We are now ready to start building and fitting our models. All machine learning models can be split into two categories: parametric and non-parametric models. In the coming steps, we will build a fit several of each type.

The general process for building and fitting the models will be quite similar across all models. In general, we will adhere to the following steps:

  1. Begin by specifying the model and model parameters (and if they are to be tuned), the particular engine to be used, and whether the model will be used for regression or classification.

  2. Set up a workflow for the model and add the recipe and model to the workflow.

  3. If there are model parameters that are to be tuned, set up a tuning grid by specifying the range of values to be considered and number of levels (i.e. how many different values) for each parameter.

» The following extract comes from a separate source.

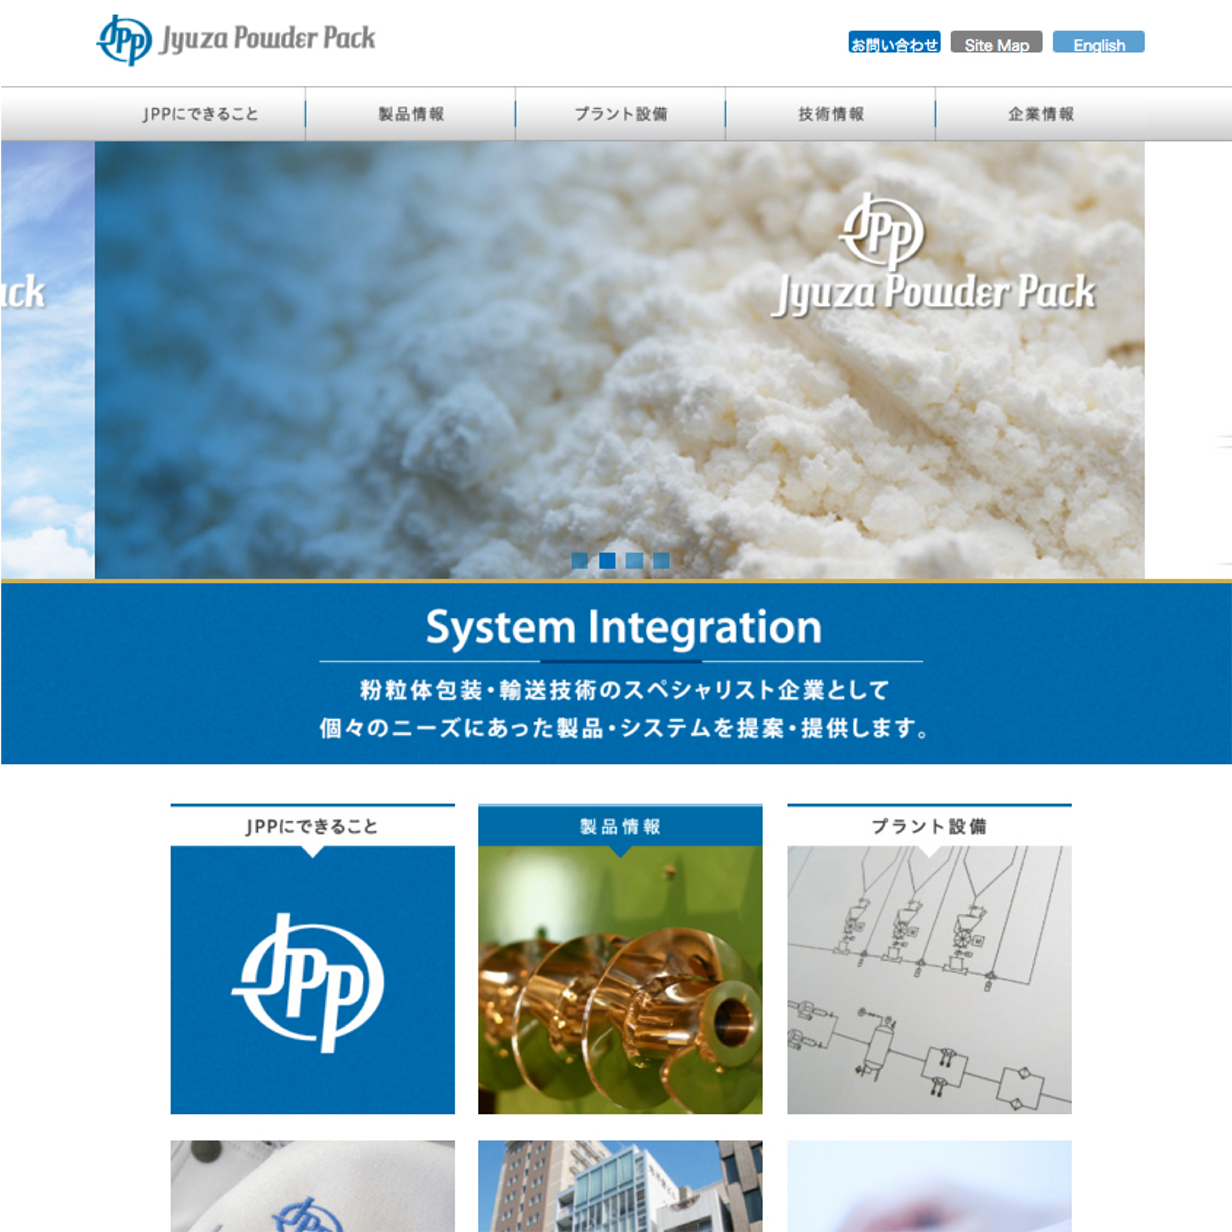 JPP ホームページ

  4. Tune the model with the workflow using the \(k\)-folds obtained earlier and the tuning grid.

Parametric Models

Parametric models are those that specify a specific functional form of the outcome as a function of the predictors. These models require less data to fit and are generally easier to interpret. However, since they must adhere to a specific functional form, they have less flexibility and generally have a difficult time modeling more complex data.

Classic Linear Model

The first parametric model we will build and fit is the classic linear regression model, which assumes that the outcome \(Y\) is a linear function of the predictors \(x_1,\dots,x_n\): \[\begin{equation*} E\left[Y\right]=\beta_0+\beta_1x_1+\dots+\beta_nx_n. \end{equation*}\] Here the goal is to determine the parameters \(\beta_0,\dots,\beta_1\) that best predict the outcome \(Y\) according to this functional form.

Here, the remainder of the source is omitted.